I've been looking at a useful way to represent Doppler shift from a satellite passing over a ground station. I've calculated the Doppler shift frequency values at 1-second interval for the duration of each pass (a pass maybe 600s or so). Doppler shift from satellites looks like this:
The closet mathematical function to this that I've come across is the logistic function. You can see they look quite similar (although the form of the curve is a mirror image):
It seems to me that I should be able to define a logistic curve that should match the Doppler shift values (or at least get a line of best fit that's very close). The form of the logistic equation I've been working with is this:
$$ f(x) = \frac L {1 + e^{-k(x-x_0)}} $$
I believe that the following values are appropriate for the constants:
$L$ - The maximum Doppler shift times $2$. I've found this by trial and error. The maximum Doppler shift is where the line in the first image crosses the $y$ axis. $x_0$ - The pass duration/$L$. Equally worked this out by trial and error.
Then I've tried to iterate and find a value for x whereby the error is minimal. The problem is after enough iterations the error becomes constant at around 50,000%. Is there a basic rule here that I'm overlooking? Thanks!

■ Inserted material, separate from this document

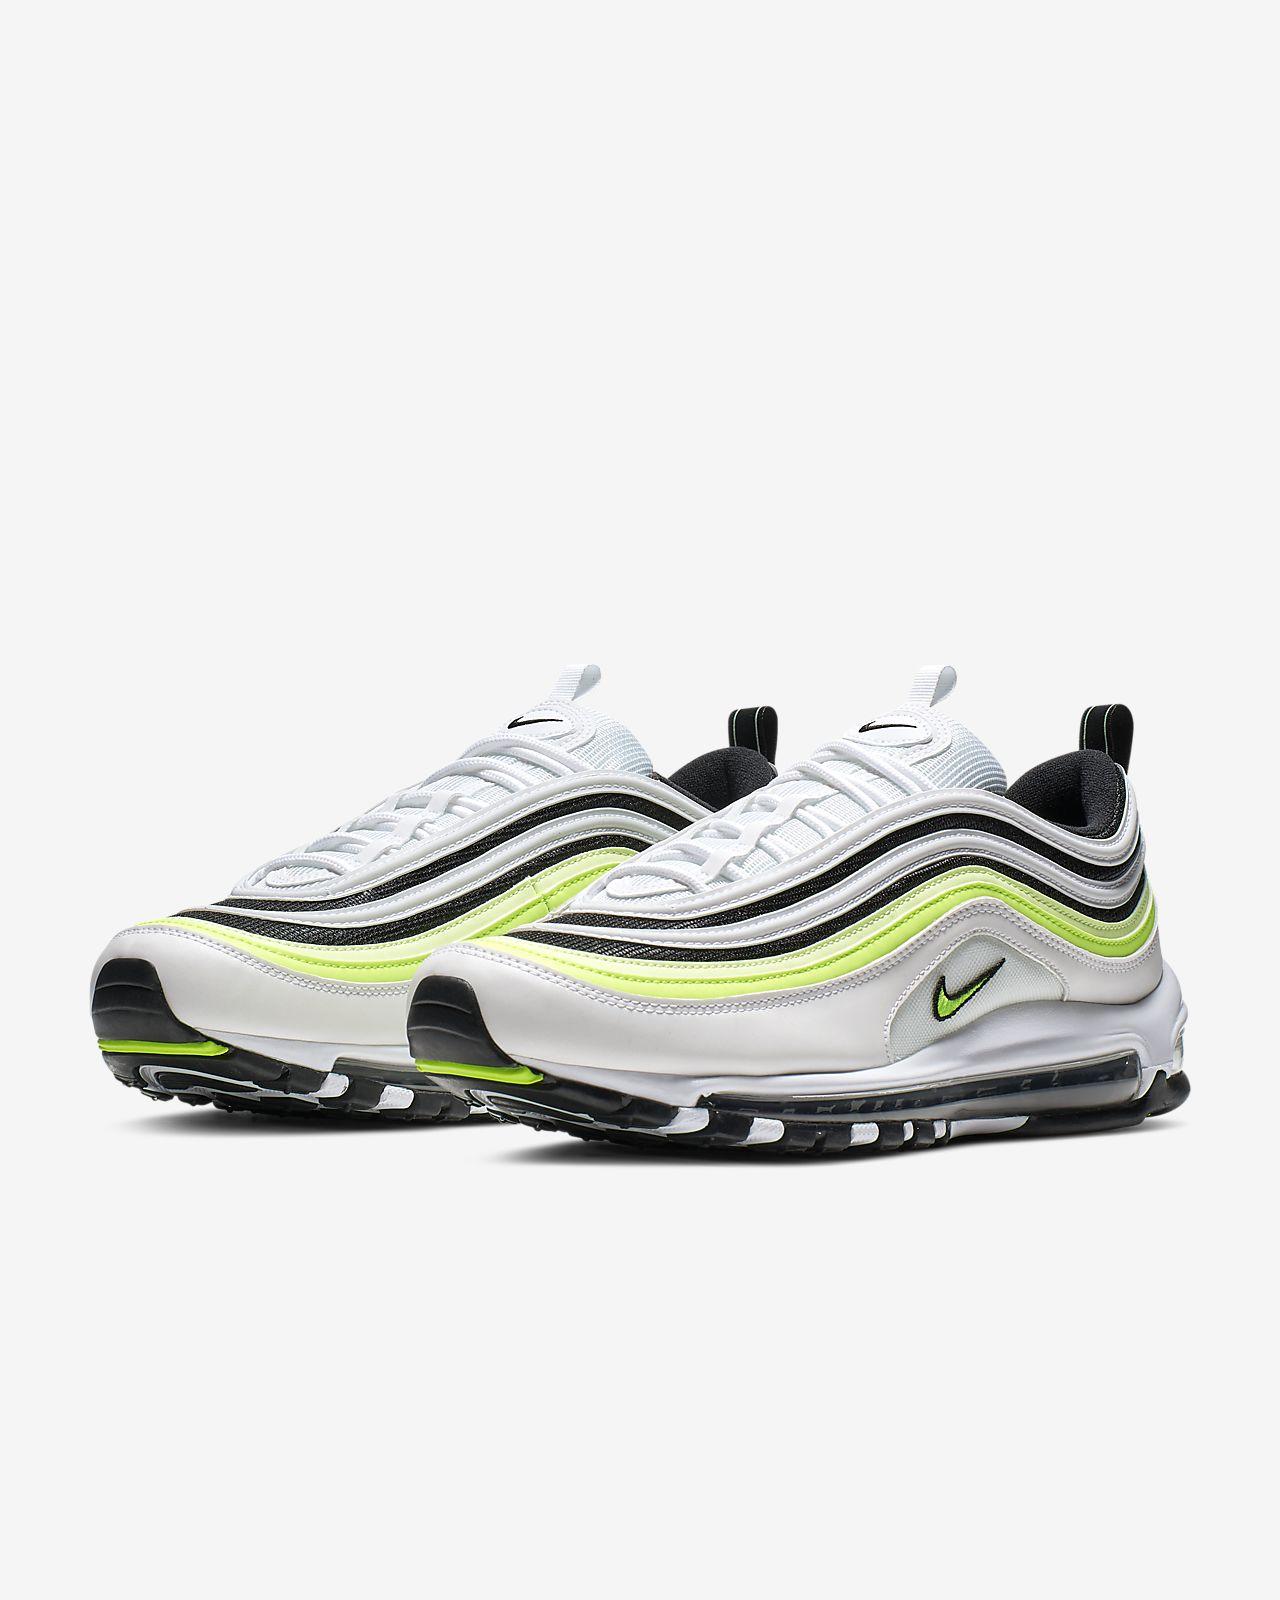 best website 3bd62 e3ee6 Nike Air Max 97 SE Men's Shoe
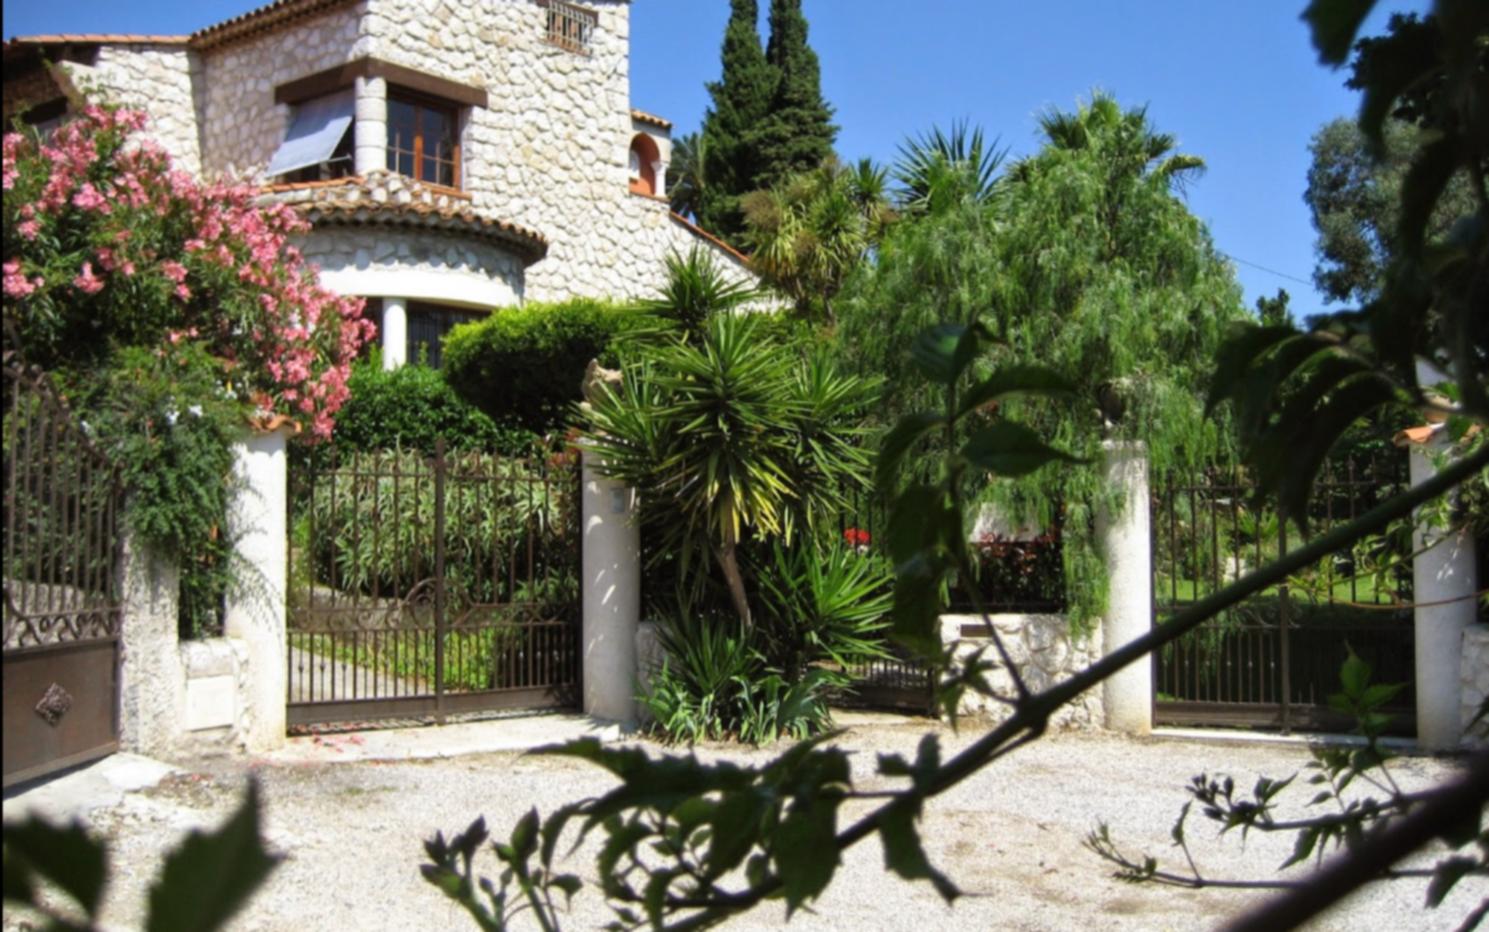 A tree in front of a building at La Magaloun Chambre d'hôtes.

The problem is with your choice of $f(x) = \dfrac{L}{1+e^{-k(x-x_0)}}$.
If $k > 0$, then we have $\displaystyle \lim_{x \to \infty}\dfrac{L}{1+e^{-k(x-x_0)}} = L$ and $\displaystyle\lim_{x \to -\infty}\dfrac{L}{1+e^{-k(x-x_0)}} = 0$.
Similarly, if $k < 0$, then we have $\displaystyle \lim_{x \to \infty}\dfrac{L}{1+e^{-k(x-x_0)}} = 0$ and $\displaystyle\lim_{x \to -\infty}\dfrac{L}{1+e^{-k(x-x_0)}} = L$.
However, the graph appears to satisfy $\displaystyle \lim_{x \to \infty}f(x) = -L$ and $\displaystyle \lim_{x \to -\infty}f(x) = L$.
Therefore, you should use a different model, such as $f(x) = \dfrac{2L}{1+e^{k(x-x_0)}}-L$.
If $k > 0$, then $\displaystyle \lim_{x \to \infty}f(x) = -L$ and $\displaystyle \lim_{x \to -\infty}f(x) = L$, which matches the graph better.